Nadine Strossen, a former president of the American Civil Liberties Union, hasn’t seen the exhibit yet. But she praised Cato’s effort to support the arts, including pieces that aren’t in lock-step with the think tank’s positions. In divisive times, she says, it’s harder but more important than ever to support freedom of controversial speech, especially when that speech potentially runs afoul of funders.
And Cato has had some famously opinionated funders. It was founded by Charles Koch and Edward Crane in 1977; for years, it received millions from foundations affiliated with Koch and his brother David. Crane stepped down in 2012 as part of a compromise to end a lawsuit filed by the Koch brothers, who were seeking control of the think tank. Other conservative foundations that have been major donors include the Sarah Scaife Foundation, the Searle Freedom Trust and the Lynde and Harry Bradley Foundation.
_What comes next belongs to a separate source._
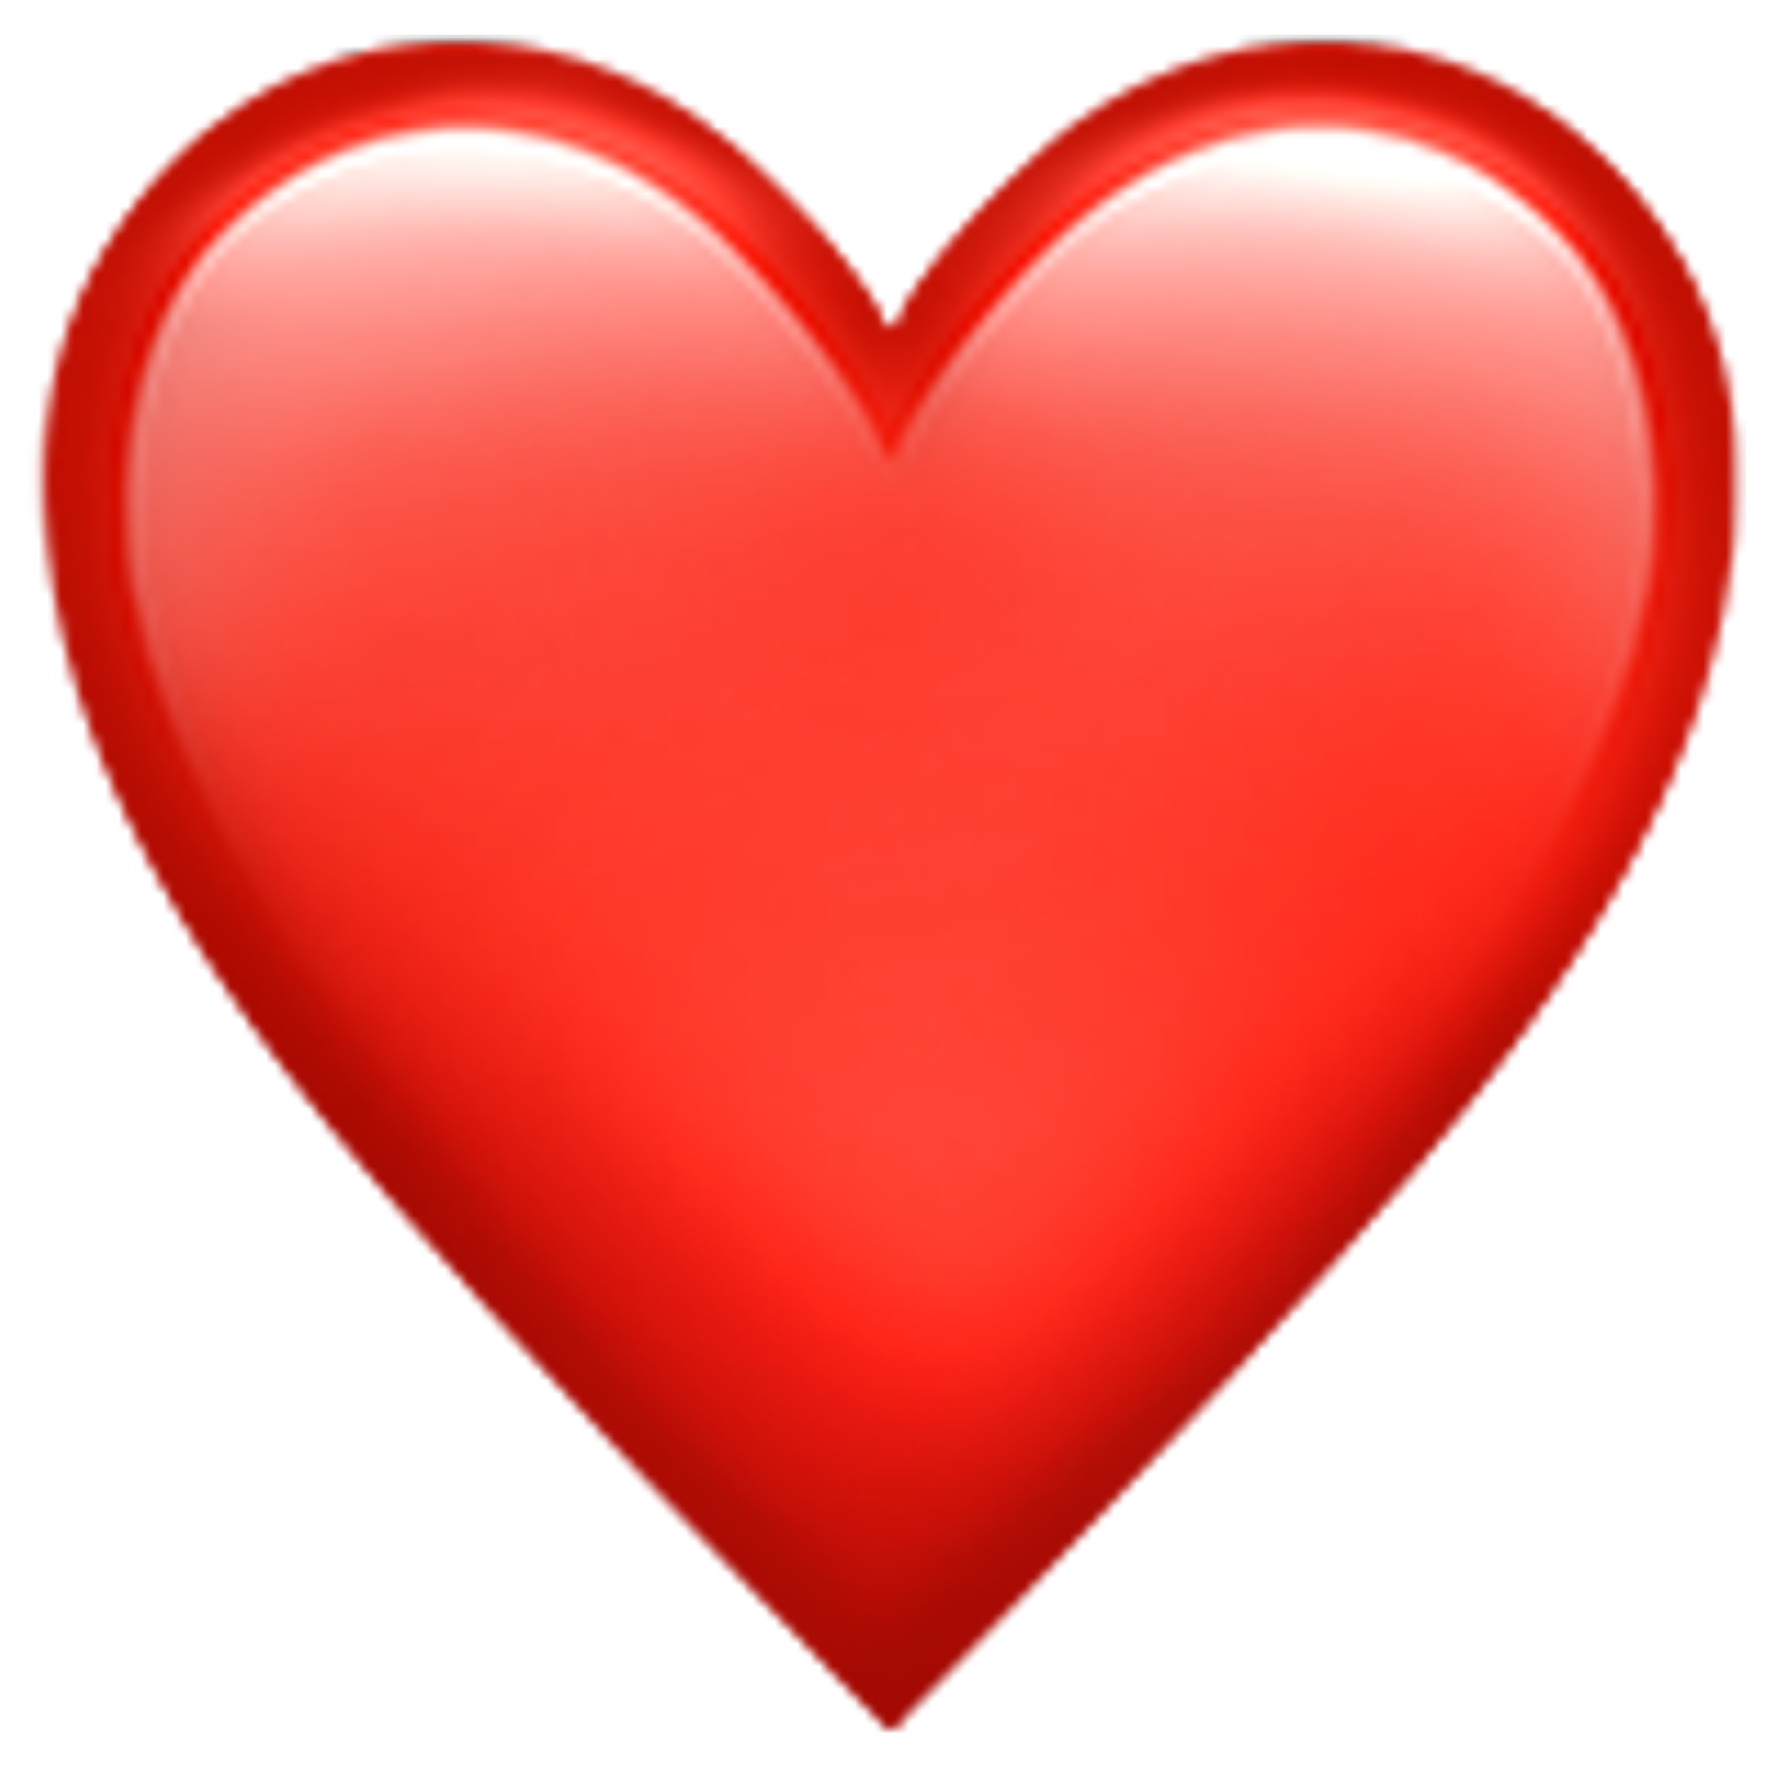 heart red whatsapp imessage emoji

Goettler says so far, he has gotten nothing but positive feedback about the exhibit from board members — who, he says, “emphasized they thought this was a great initiative to bring new visitors to our building and introduce new people to Cato and our work.” He wants people to know the institute is “neither the red nor the blue team.”
Even if any of Cato’s funders did grumble, Cato spokeswoman Khristine Brookes says the think tank maintains its independence from both public and private patrons by not accepting government money, be it foreign or domestic, and by making sure that no more than 10 percent of its annual revenue comes from a single source. “None of our current or former contributors have ever gotten close to that threshold,” Brookes notes.
In the policy realm, Cato has been pointed about the effect of patronage on speech. It has regularly called to defund the National Endowment for the Arts, arguing that art and state must be separated because when government support is involved, certain artists’ views will inevitably be favored over those of others. But Goettler says the show was not meant to be a vehicle for discussing arts funding.
There are no plans for the think tank to host regular exhibitions. Having devoted two staffers to the project, and given the price of transforming the lobby and basement into a gallery, Goettler says that Cato is likely to lose some money even if all of the pieces sell — but that was the plan from the start.
The show is already a success in Goettler’s eyes. The opening, he notes, drew more than 500 people — a third of whom hadn’t visited the institute before — making it the largest-ever crowd for a public event there. Rather than preaching to the choir, Goettler says, Cato wants to welcome visitors with different values so they can learn more about the think tank and vice versa. And as is customary at Cato, nearly everyone who stopped in for the show was offered a copy of the Constitution.
Menachem Wecker is a writer in Washington.